Stay with me here. “A Dog’s Journey” is a sequel to “A Dog’s Purpose” (2017), both based on novels by W. Bruce Cameron. They’re similar to “A Dog’s Way Home” (from earlier this year) but aren’t connected to it in any way except that “A Dog’s Way Home” was based on another, separate novel by W. Bruce Cameron, America’s foremost author working exclusively in the genre of Stories Narrated by Dogs.
I didn’t see “A Dog’s Purpose” but am informed that it concerns a dog named Bailey (eagerly voiced by Josh Gad) who keeps getting resurrected as new dogs over the course of a man’s life. That man, Ethan, played as an adult by Dennis Quaid, is a grandpa in “A Dog’s Journey,” living with his wife (Marg Helgenberger), their widowed daughter-in-law Gloria (Betty Gilpin), and her toddler daughter CJ on a farm in Wisconsin. Bailey is currently a huge lovable good boy, some kind of St. Bernard or something. Gloria’s a negligent drunk who takes CJ and heads for Chicago. Next time Bailey is close to death, Ethan asks him to come back this time as a dog who can watch over CJ.
A few years later, CJ is 10 years old (played by Abby Ryder Fortson) when she and her best pal Trent (Ian Chen) adopt puppies from the same litter, one of which is Bailey, now a beagle or something and called Molly.
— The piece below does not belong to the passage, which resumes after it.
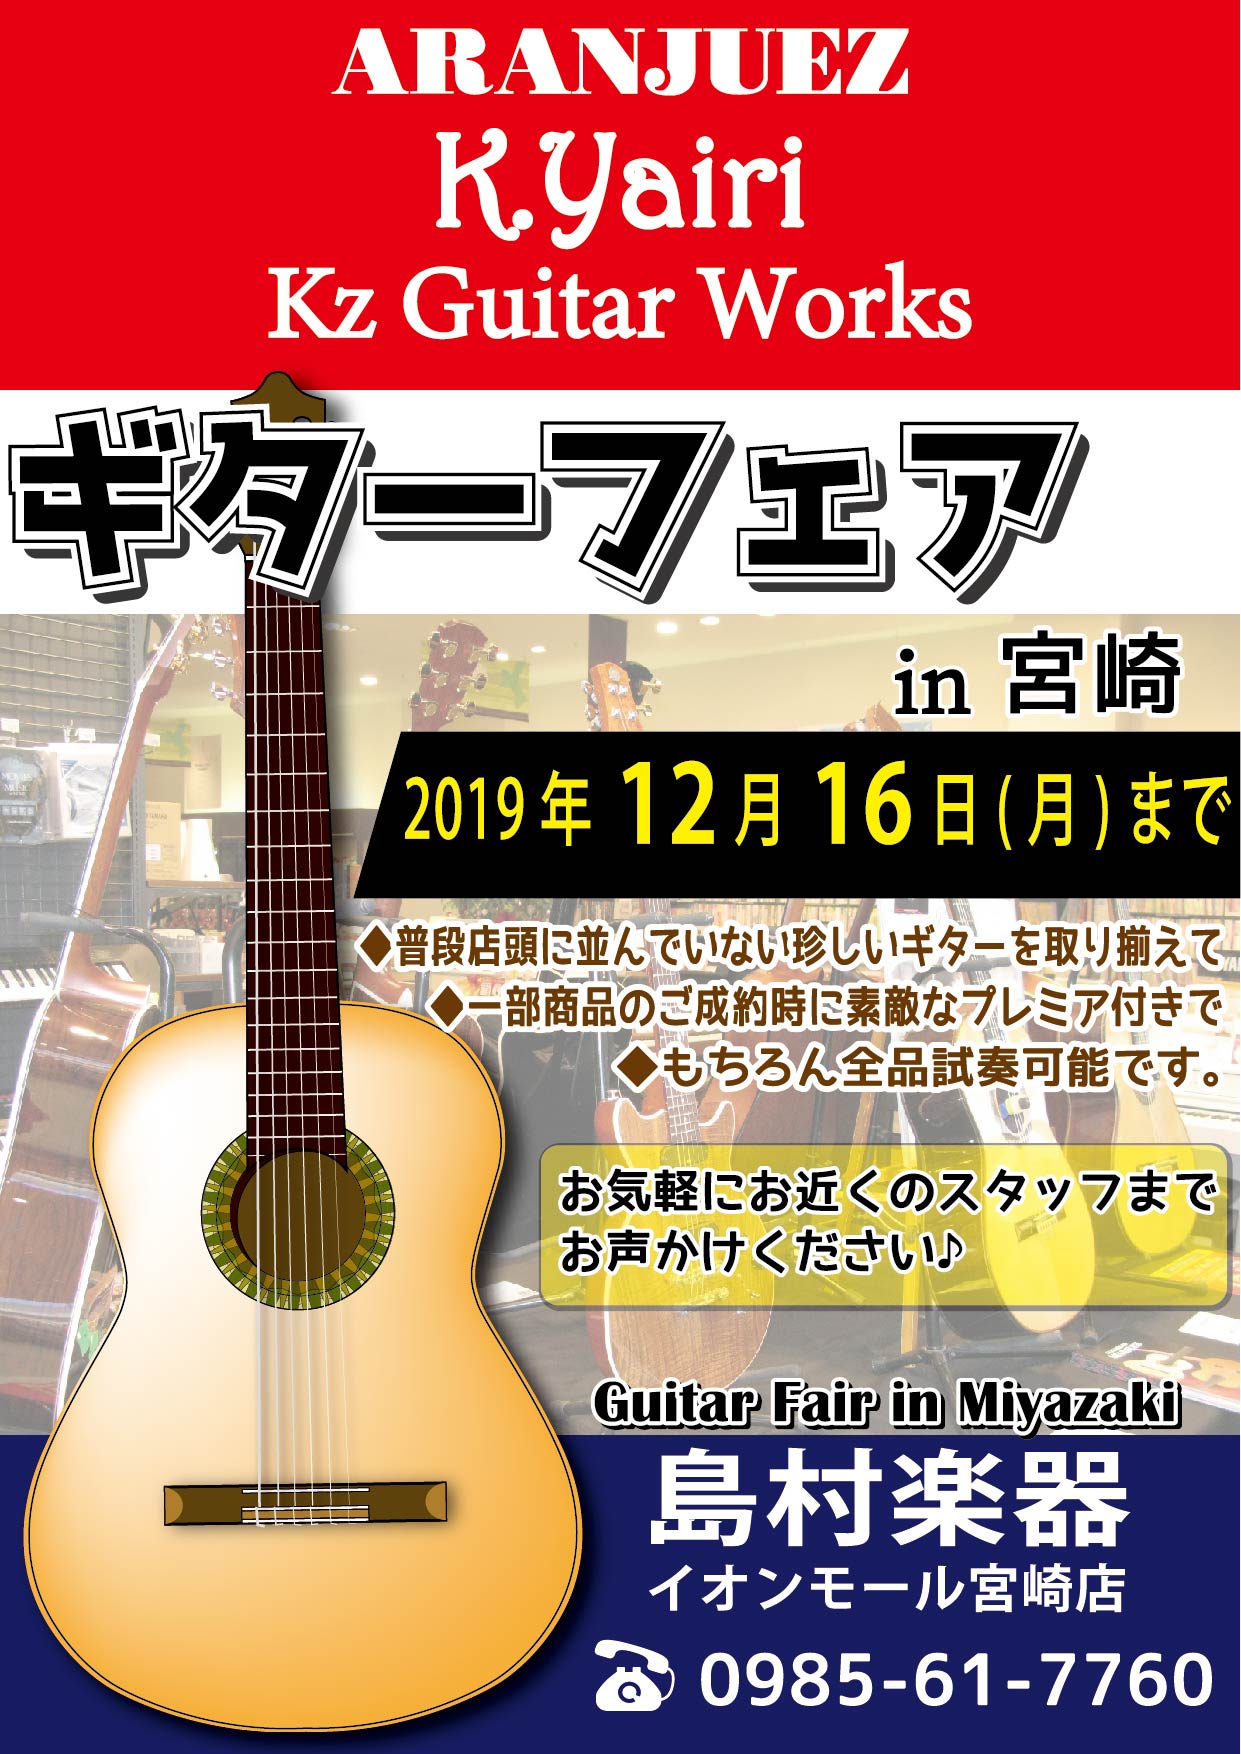 島村楽器 イオンモール宮崎店では、「ギターフェアin宮崎」を今週末に開催いたします。]]店頭に設置された展示場には、Aranjuez(アランフェス) のクラシックギター，K.Yairi（Kヤイリ）のアコースティックギター，Kz Gutar Works（ケイズギターワークス）のエレキギターを展示中です […]

Bailey/Molly remembers his past lives, remembers his job is to take care of CJ, and is thrilled that fate has reunited them (though of course CJ doesn’t know it’s the same dog she played with as a toddler, because Bailey/Molly doesn’t talk, because she is a dog).
A few years later, CJ (Kathryn Prescott) has moved to New York to pursue her dreams when she meets the latest Bailey, a little terrier or something. (Bailey was a big hound dog in between, but only for a couple scenes.) She has a boyfriend who’s OK but who’s no Trent (Henry Lau), who has also ended up in New York and still has feelings for CJ. CJ’s relationship with her mother remains fraught.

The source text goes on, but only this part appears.